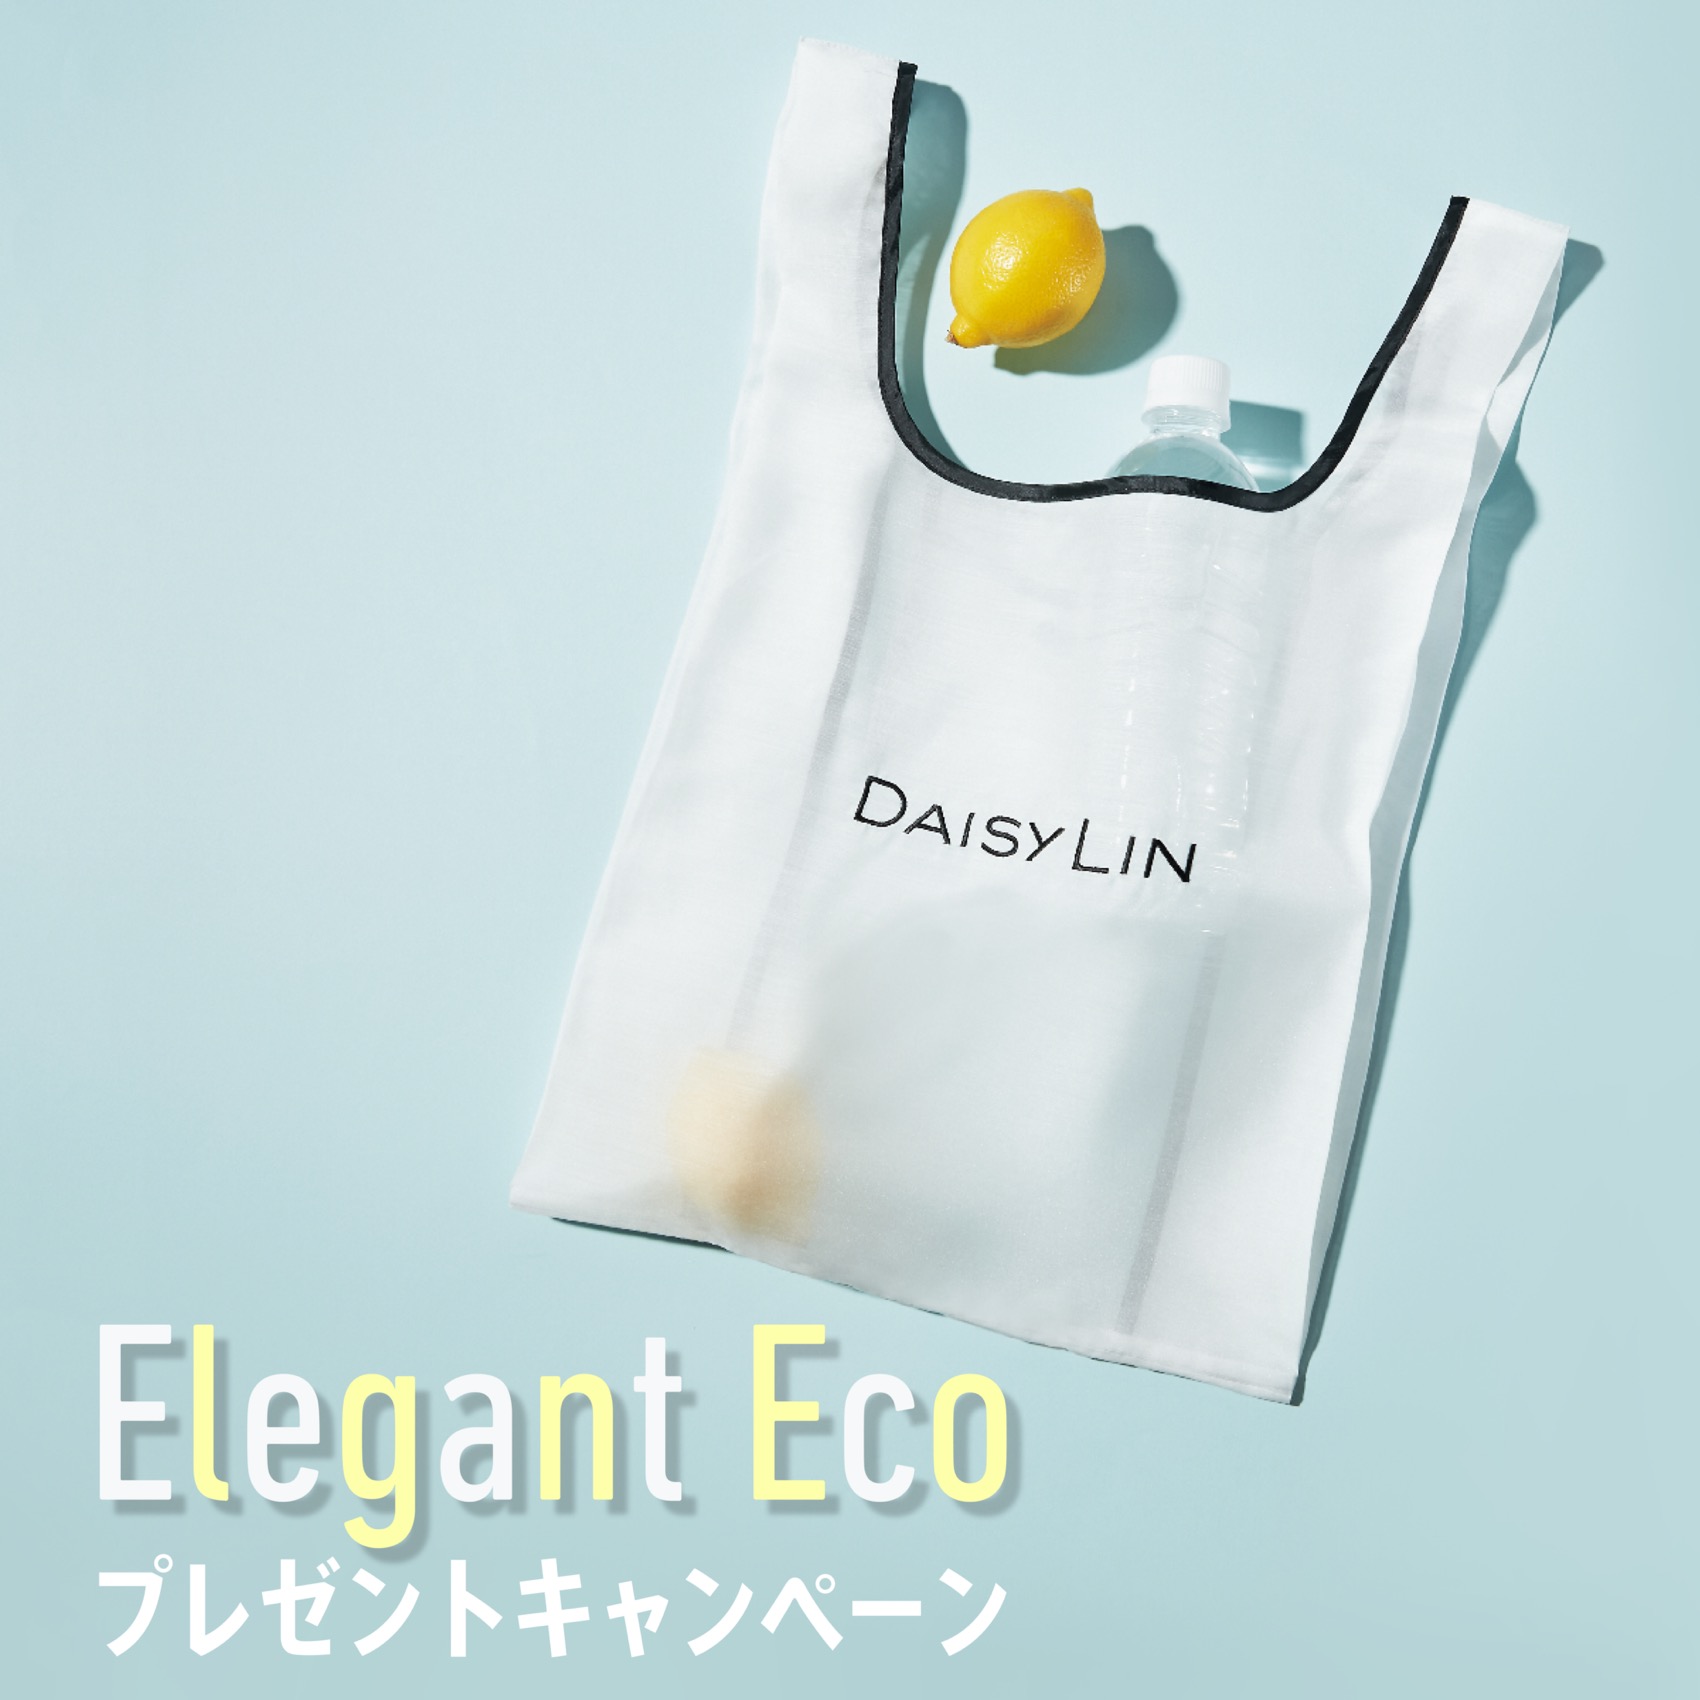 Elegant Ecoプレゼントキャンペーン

══════════

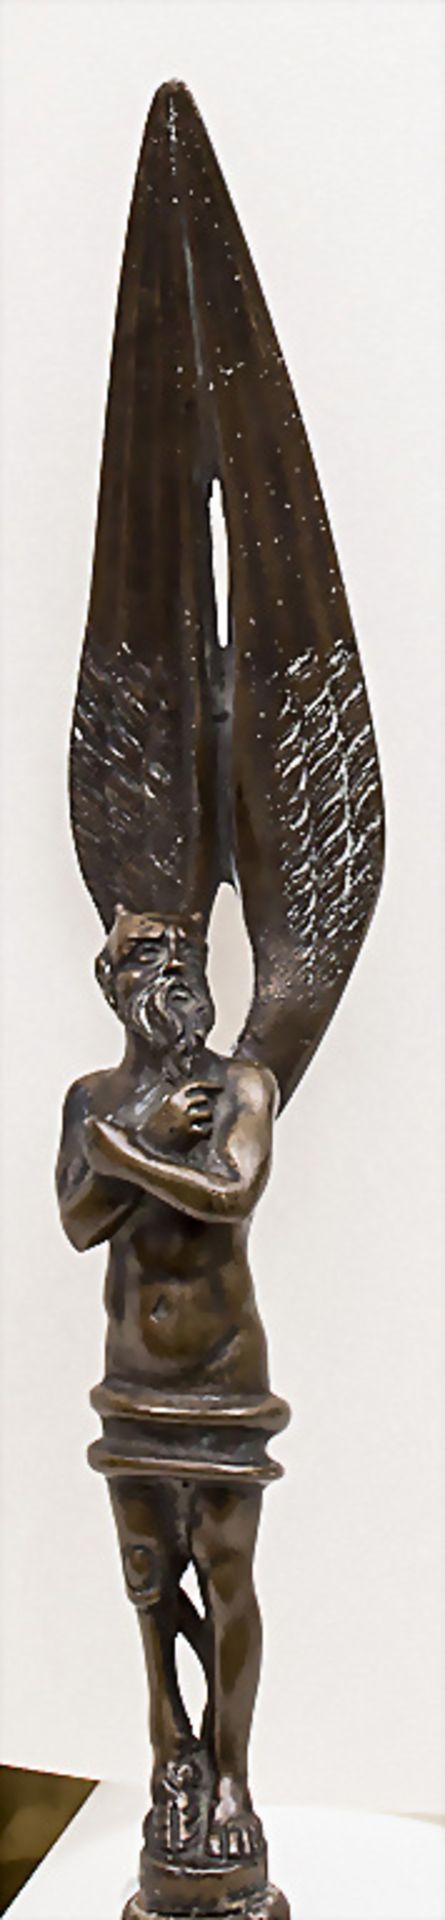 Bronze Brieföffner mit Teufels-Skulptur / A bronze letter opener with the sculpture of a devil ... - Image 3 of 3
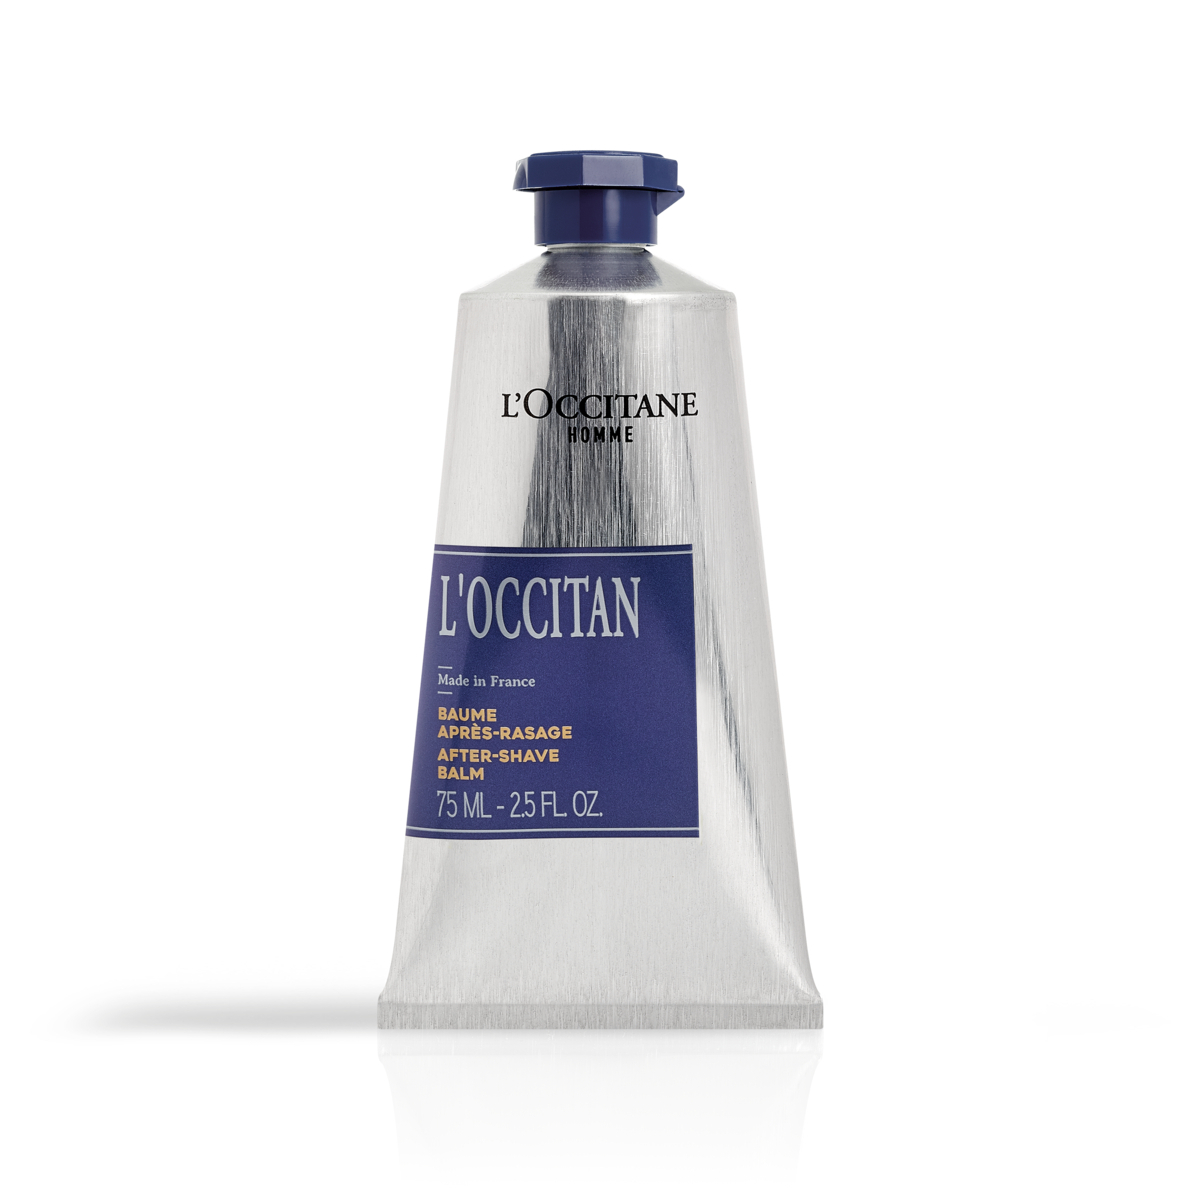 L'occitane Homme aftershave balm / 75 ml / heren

══════════

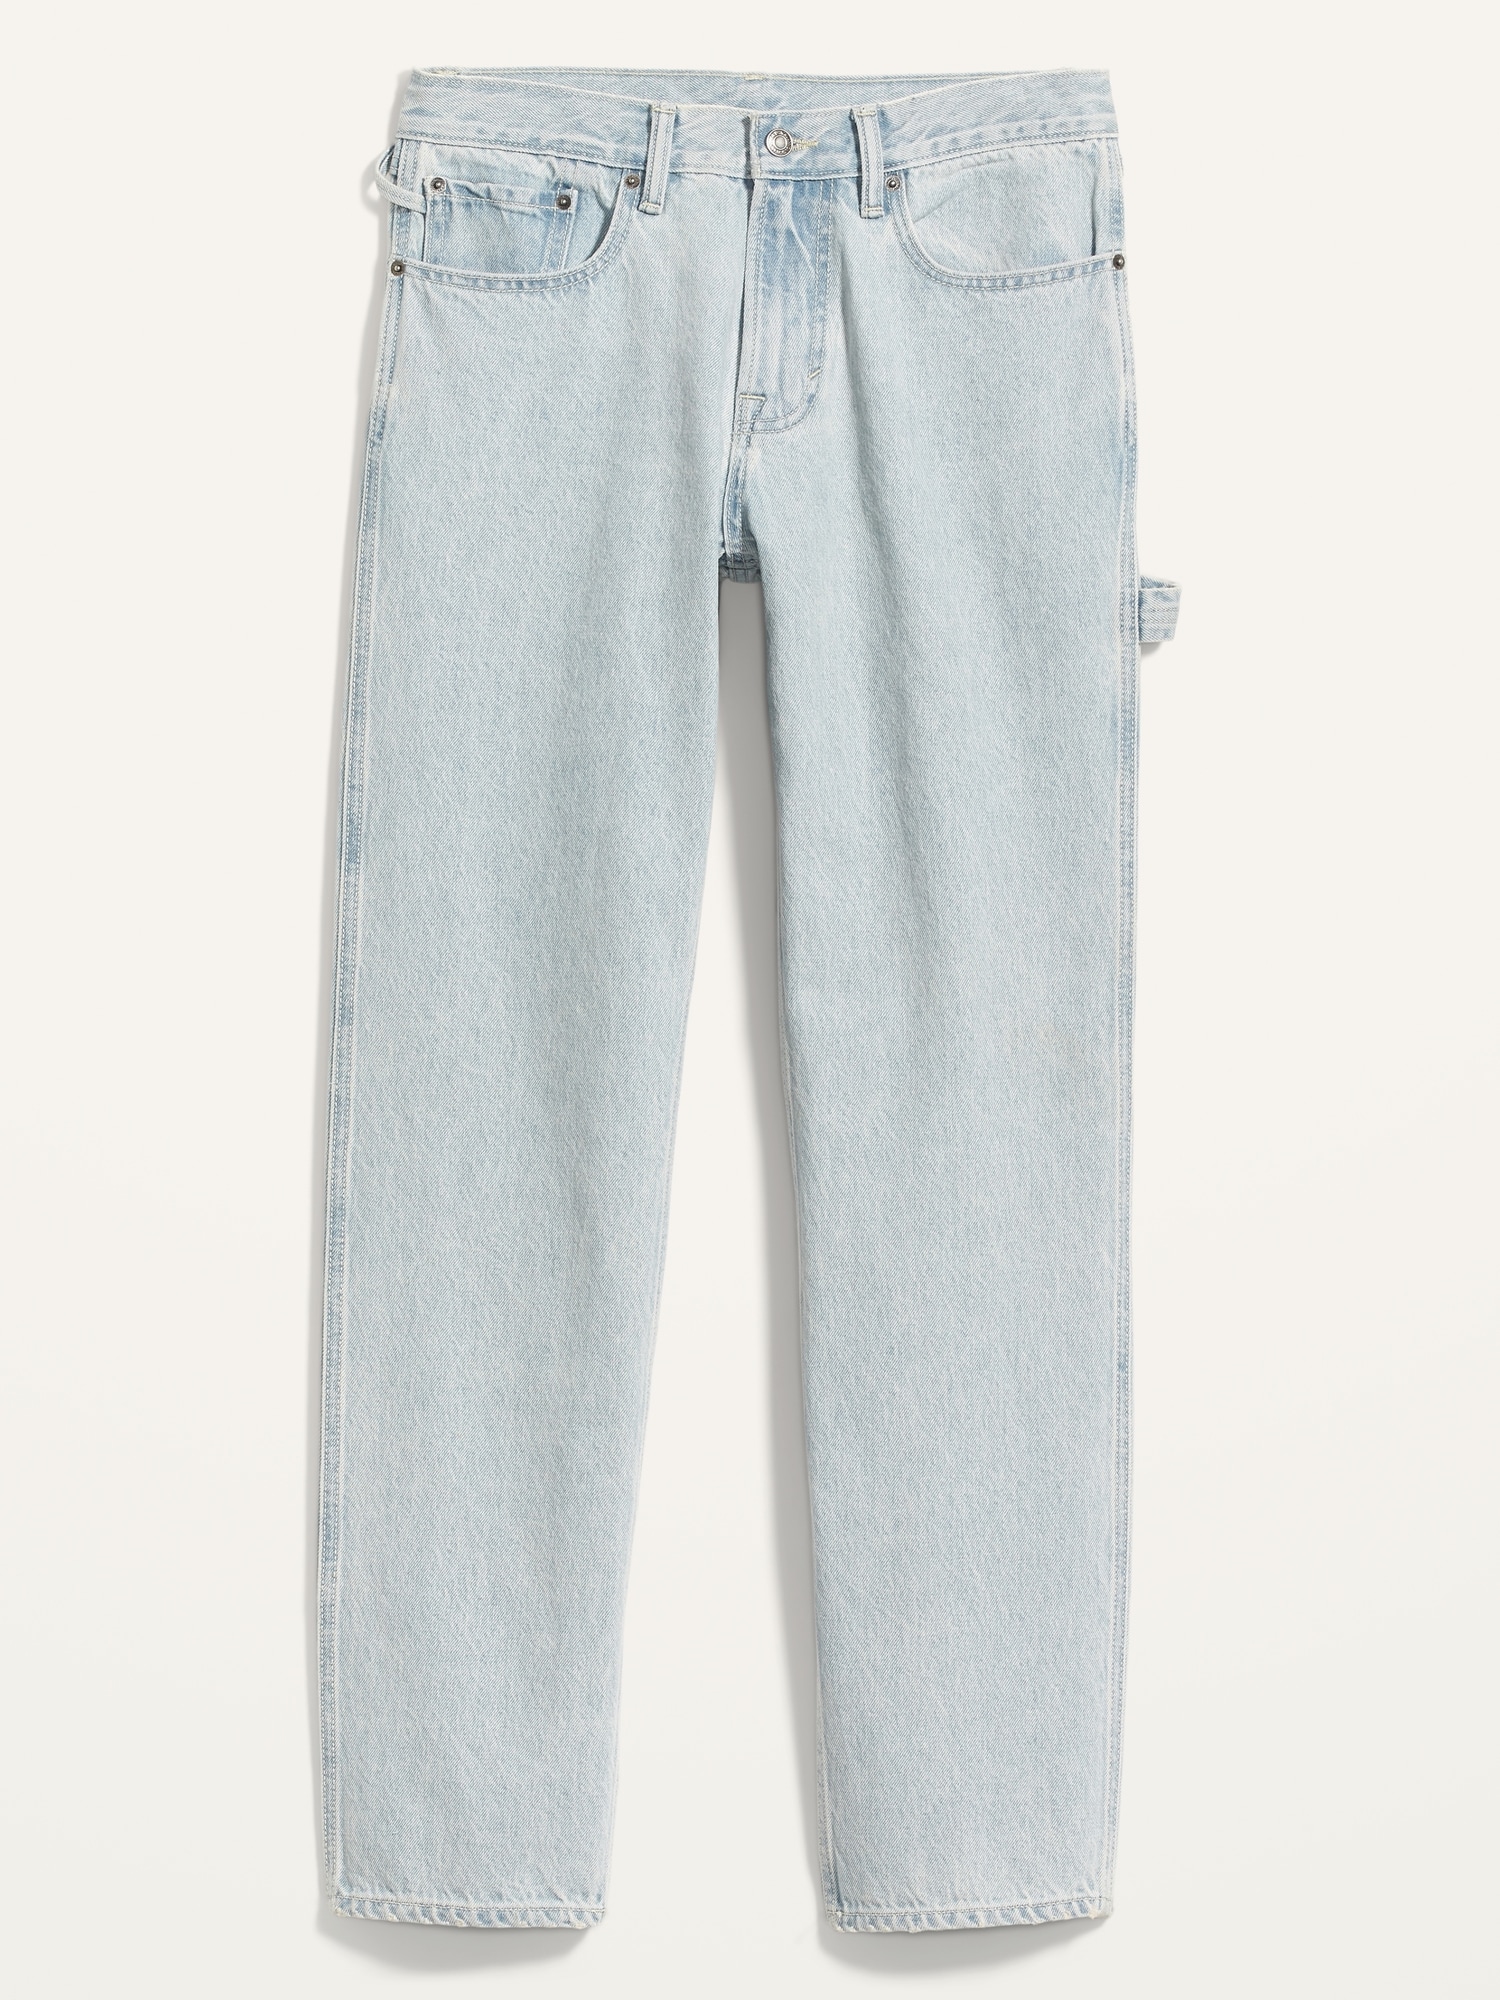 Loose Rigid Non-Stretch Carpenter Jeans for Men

══════════

» BRIEF
Only the lines of the listing above from the one with "Bronze Brieföffner mit" through the one with "L'occitane Homme aftershave" should be output, exactly, with both ends kept and pictures left out.

» SOLUTION TO THIS PROBLEM
 Bronze Brieföffner mit Teufels-Skulptur / A bronze letter opener with the sculpture of a devil ... - Image 3 of 3
 L'occitane Homme aftershave balm / 75 ml / heren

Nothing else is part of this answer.